A crab is a type of scratch used by turntablists.  It is made from a combination of moving the record on the turntable by hand and quick movement of the crossfader.

Creation 
The crab scratch was invented by DJ Qbert while in Japan. Qbert then took the idea back to San Francisco and after showing the scratch to DJ Disk, he created a move that used 3 or 4 fingers: the crab. Later in 1995, while the DMC USA finals were being held in San Francisco, a group of DJs and judges which included The Beat Junkies, The X-Men (now called the X-ecutioners), and the rest of ISP among others got together for what would later be known as the "Famous Warehouse Session" at Yoga Frog's old mobile DJ warehouse. It was at this session that Qbert publicized the new scratch.

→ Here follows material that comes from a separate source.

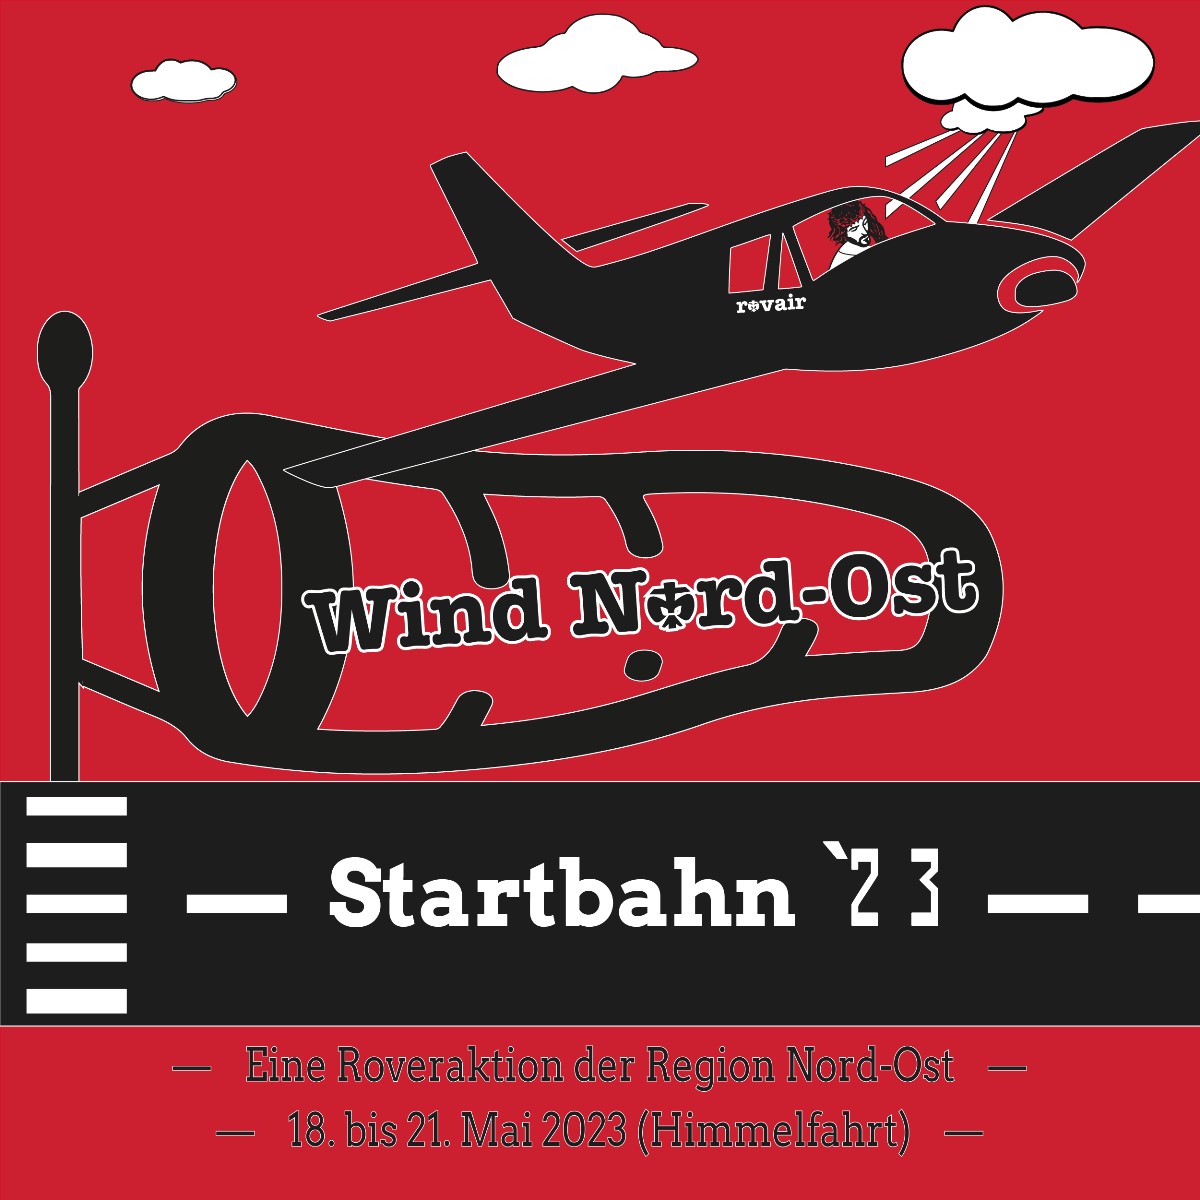 Wind Nord-Ost Startbahn 23
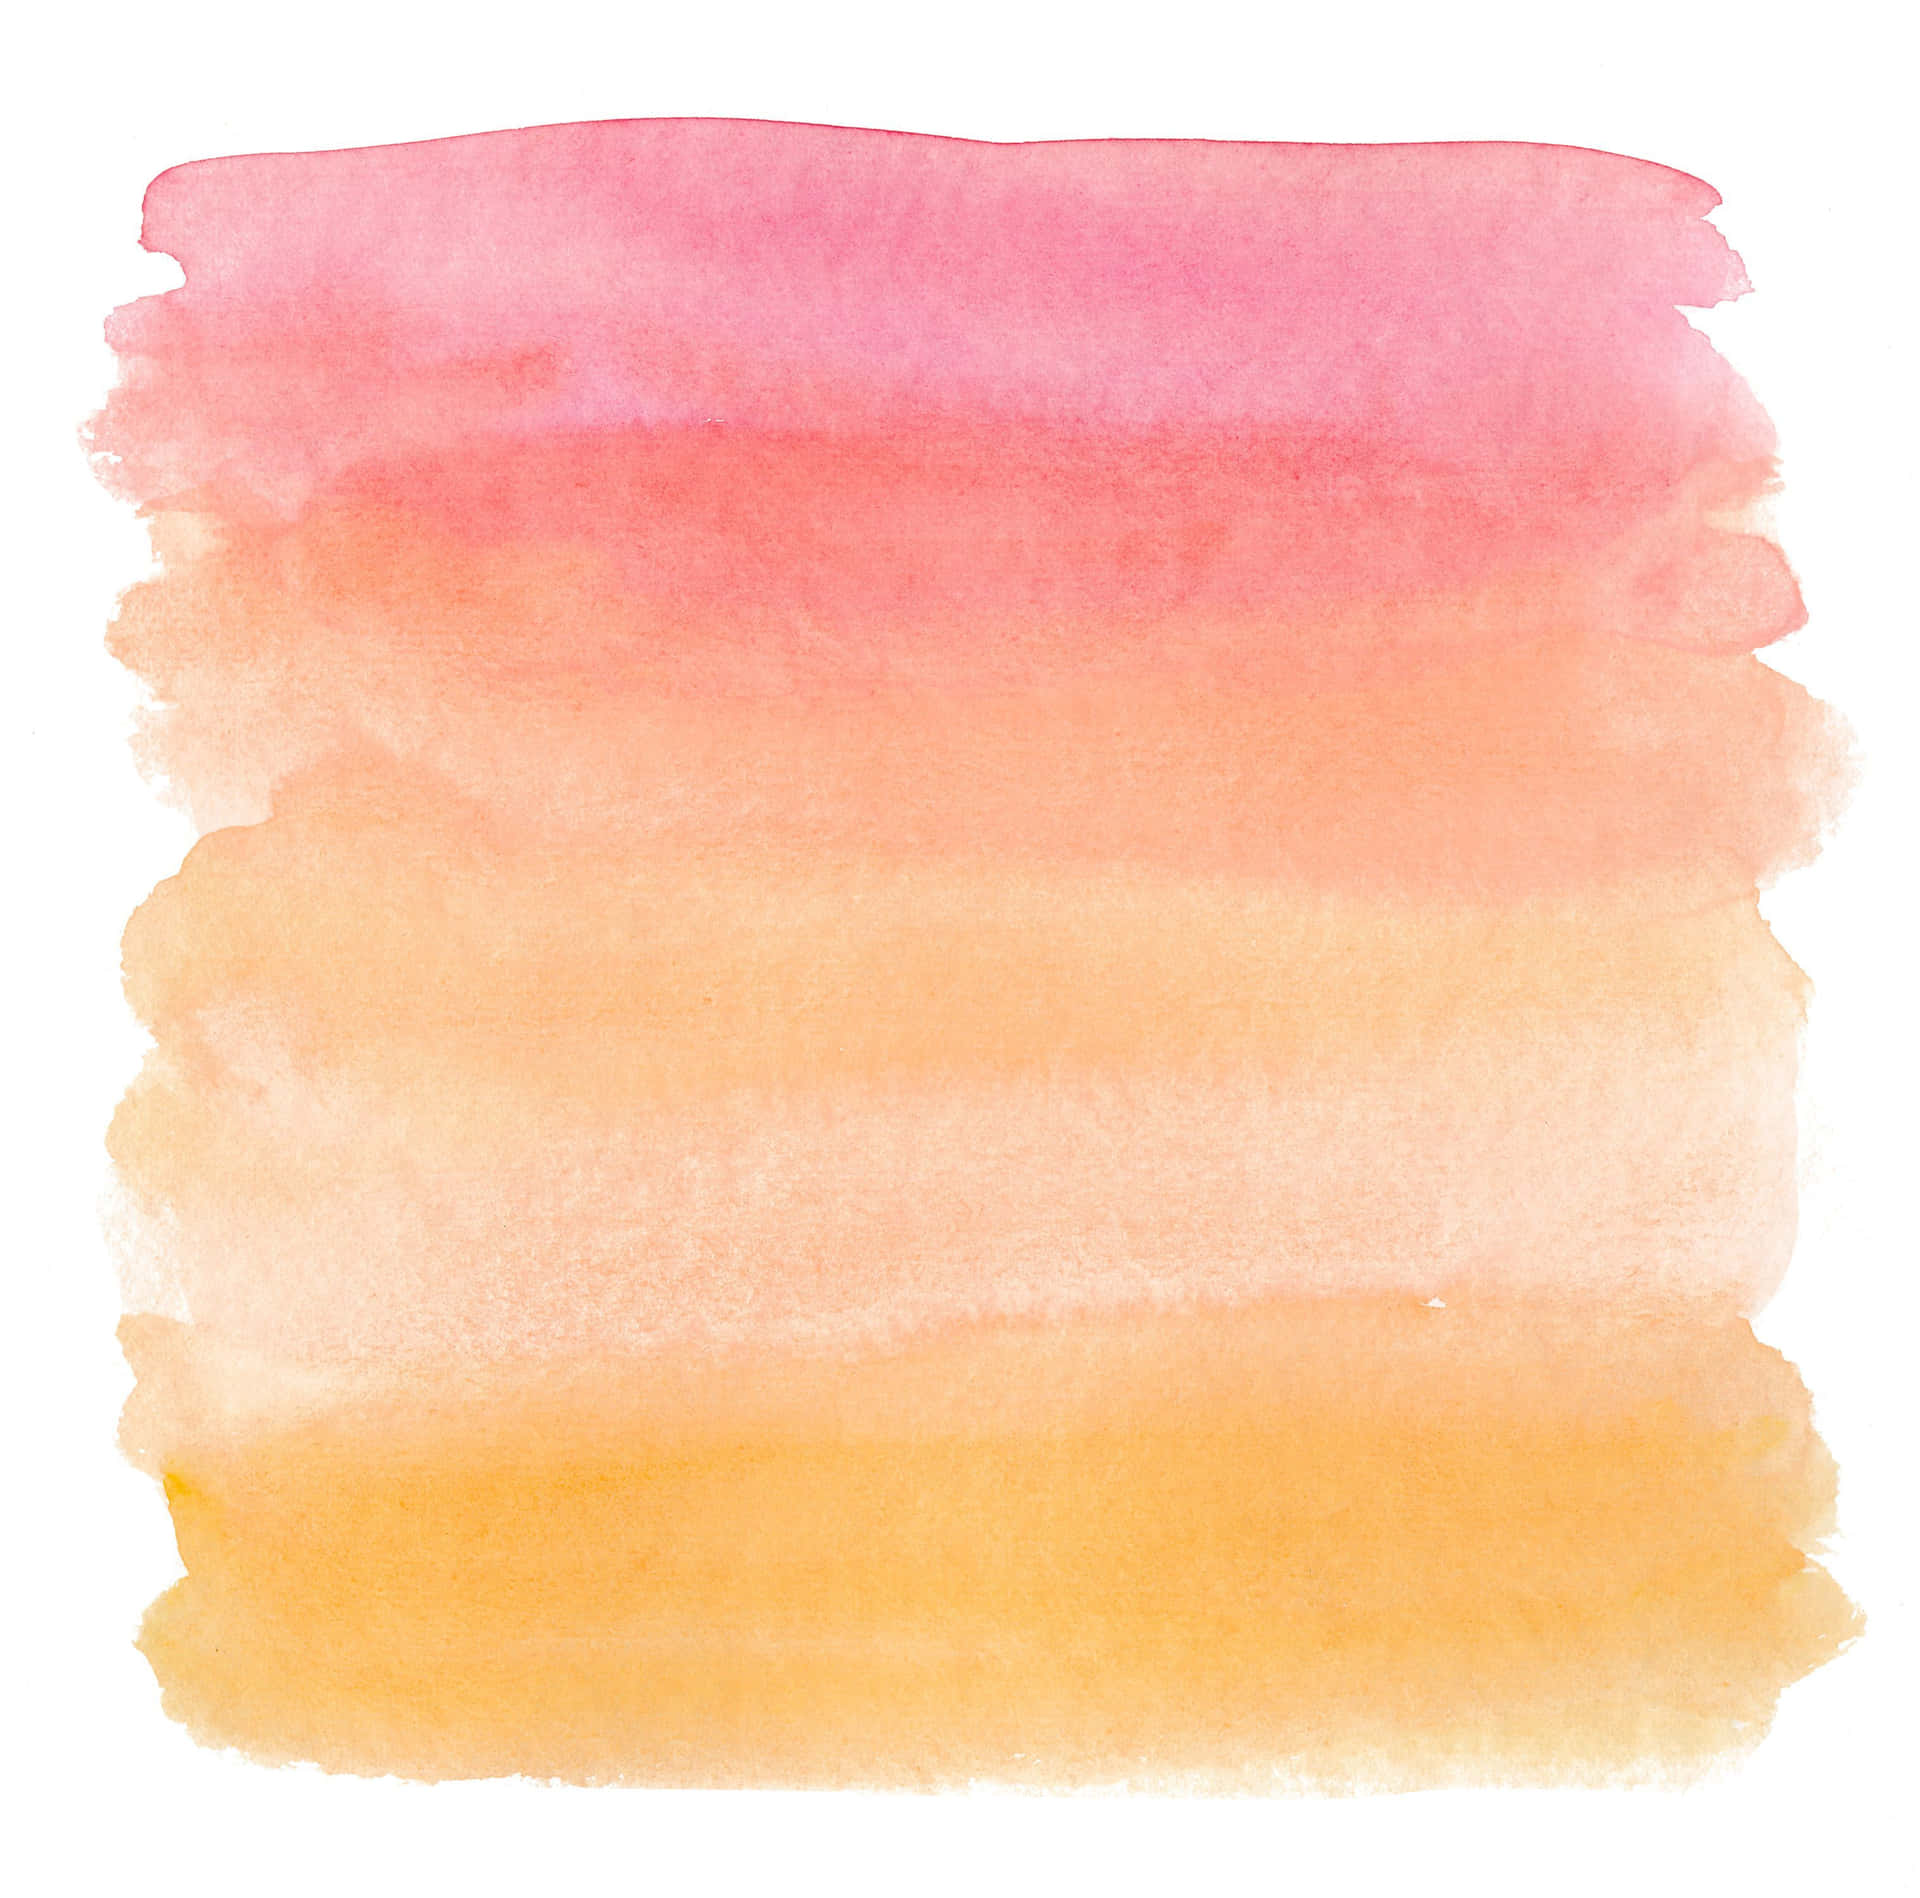 Diefarben Verschmelzen Miteinander Zu Einem Ätherischen Pastell-aquarell. Wallpaper

While the name "crab" seems self-explanatory since it makes your hand look like a crab when you curl all of your fingers to perform it, according to Qbert the name originated elsewhere. Apparently, he and Mixmaster Mike had just returned from Beirut, Lebanon around the same time that he invented it where they were served crepes one night after a show. He said that when the people over there pronounced crepes, it sounded more like "cccccreb" and since he thought it was funny, he used it to name the "cccccreb" scratch which everyone now pronounces as the crab.

Technique 
To do a crab scratch the DJ quickly rubs/taps the fader knob with 3 or 4 different fingers in sequence starting with the pinkie or ring finger while using the thumb as a spring to cut the fader back out after each tap (or in if scratching hamster style). The result is much like a 3 or 4 tap transform (or a 3 or 4 click flare if you scratch hamster style) only much quicker than you could probably do with one finger. Many DJs find this move easier or more comfortable to perform hamster style by bouncing the fader off the side of the fader slot, but the move can be performed both normal and hamster. As with orbits, crabs can be performed once as a single distinct move, or sequenced to produce a cyclical never ending type of crab sound.